Wednesday, January 23, 2013

How To: Recursively Create Numeric Directories

I was asked by a colleague how to do the following:

I have a root folder that I need to create a directory based on job numbers.

From the root folder, I'd like to create the following:

1000
1000\1100
1000\1100\1101
1000\1100\1102

all the way up to 

9000\9900\9999

To explain, I'll use the 5000 folder:

I would need:
5000
5000\5100
5000\5100\5101 through 5000\5100\5199
5000\5200
5000\5200\5201 through 5200\5200\5299
and so on.

What would be the easiest way?

The solution isn't a big deal for anyone familiar with scripting, but I figured I'd share here in case other none coders need help with a similar problem.
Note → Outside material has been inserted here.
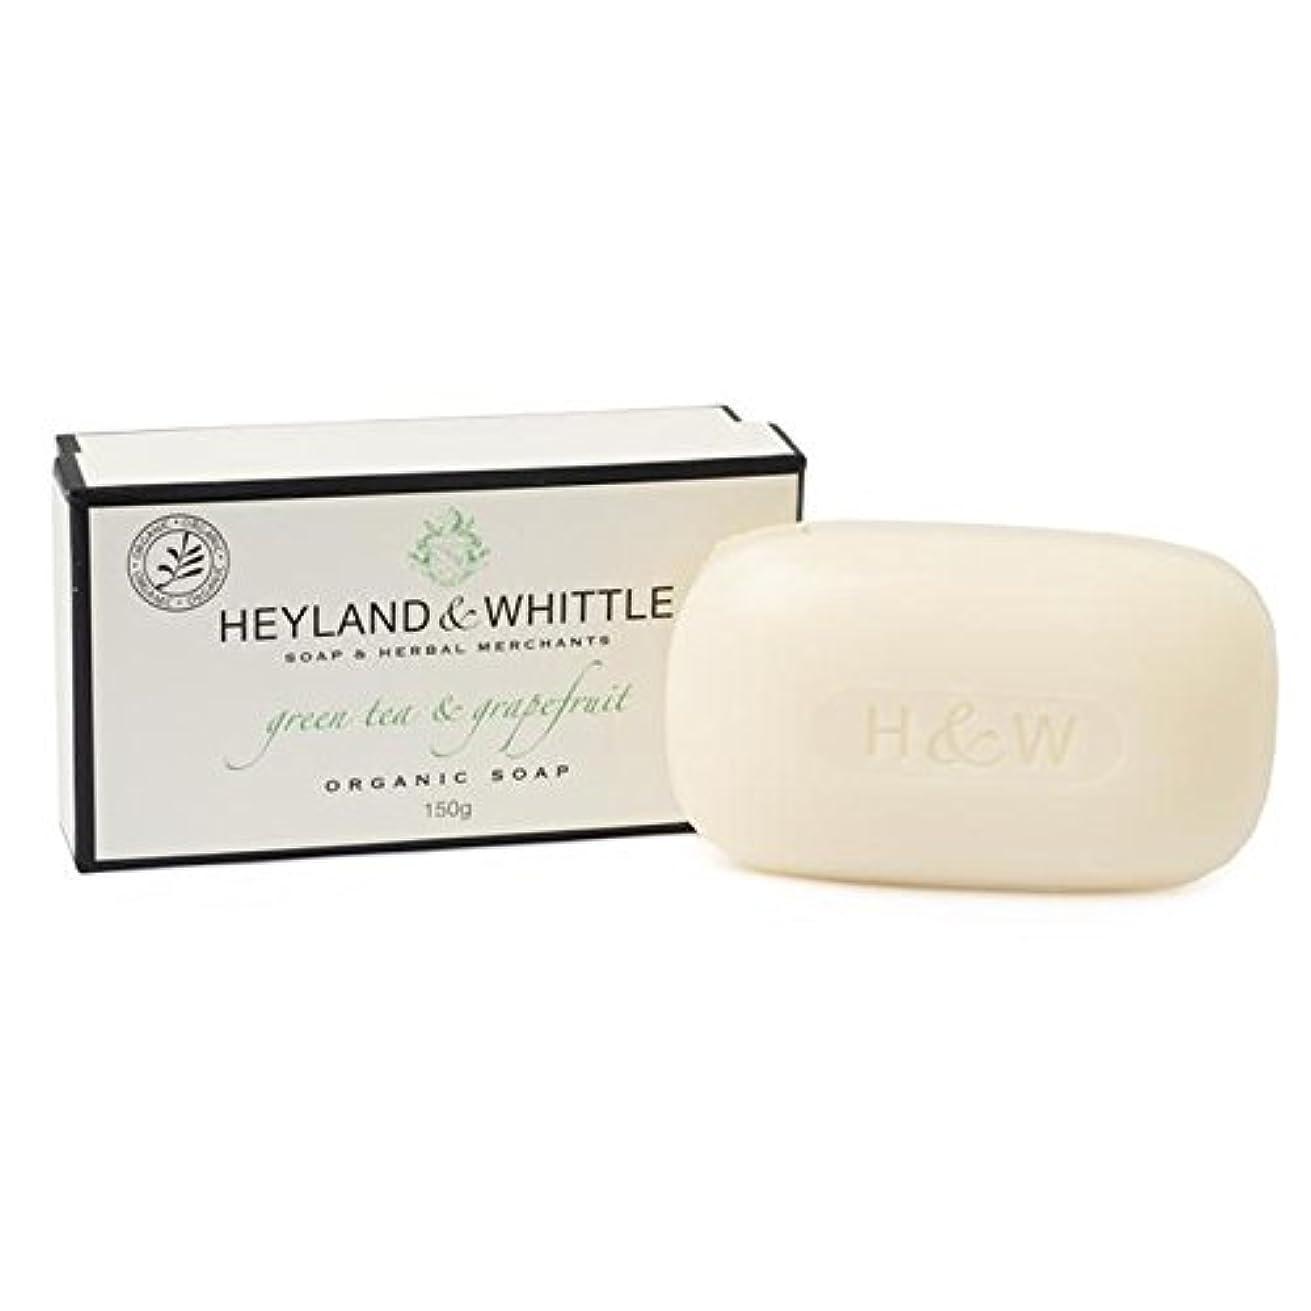 氏承認するマサッチョ&削る緑茶&グレープフルーツはオーガニックソープ150グラム箱入り x4 - Heyland & Whittle Green Tea & Grapefruit Boxed Organic Soap 150g (Pack of 4) [並行輸入品]

I wasn't sure whether they were on a Windows computer (figured most likely based on the slashes) or Linux / Mac, so I provided both a Bash and Windows command shell solutions.

There are any number of ways to approach this, I chose nested for loops.

First the Bash solution:

for x in {1..9}; do
  mkdir ${x}000
  cd ${x}000
  for y in {1..9}; do
    mkdir ${x}${y}00
    cd ${x}${y}00
    for ((z=1; z<=99; z+=1)); do
      mkdir `printf "%s%s%02d" $x $y $z`
    done
    cd ..
  done
  cd ..
done

Now the Windows solution:

setlocal EnableDelayedExpansion
for /l %x in (1, 1, 9) do (
  mkdir %x000
  cd %x000
  for /l %y in (1, 1, 9) do (
    mkdir %x%y00
    cd %x%y00
    for /l %z in (1, 1, 99) do (
      if %z LSS 10 (
        mkdir %x%y0%z
      ) else (
        mkdir %x%y%z
      )
    )
    cd ..
  )
  cd ..  
)

1 comment:

Unknown said...

I think I forgot to mention in the original post, but the examples are designed to copy and paste directly into the command shell window.

To run the Windows example from within a script, I believe you have to add additional % in front of the variables.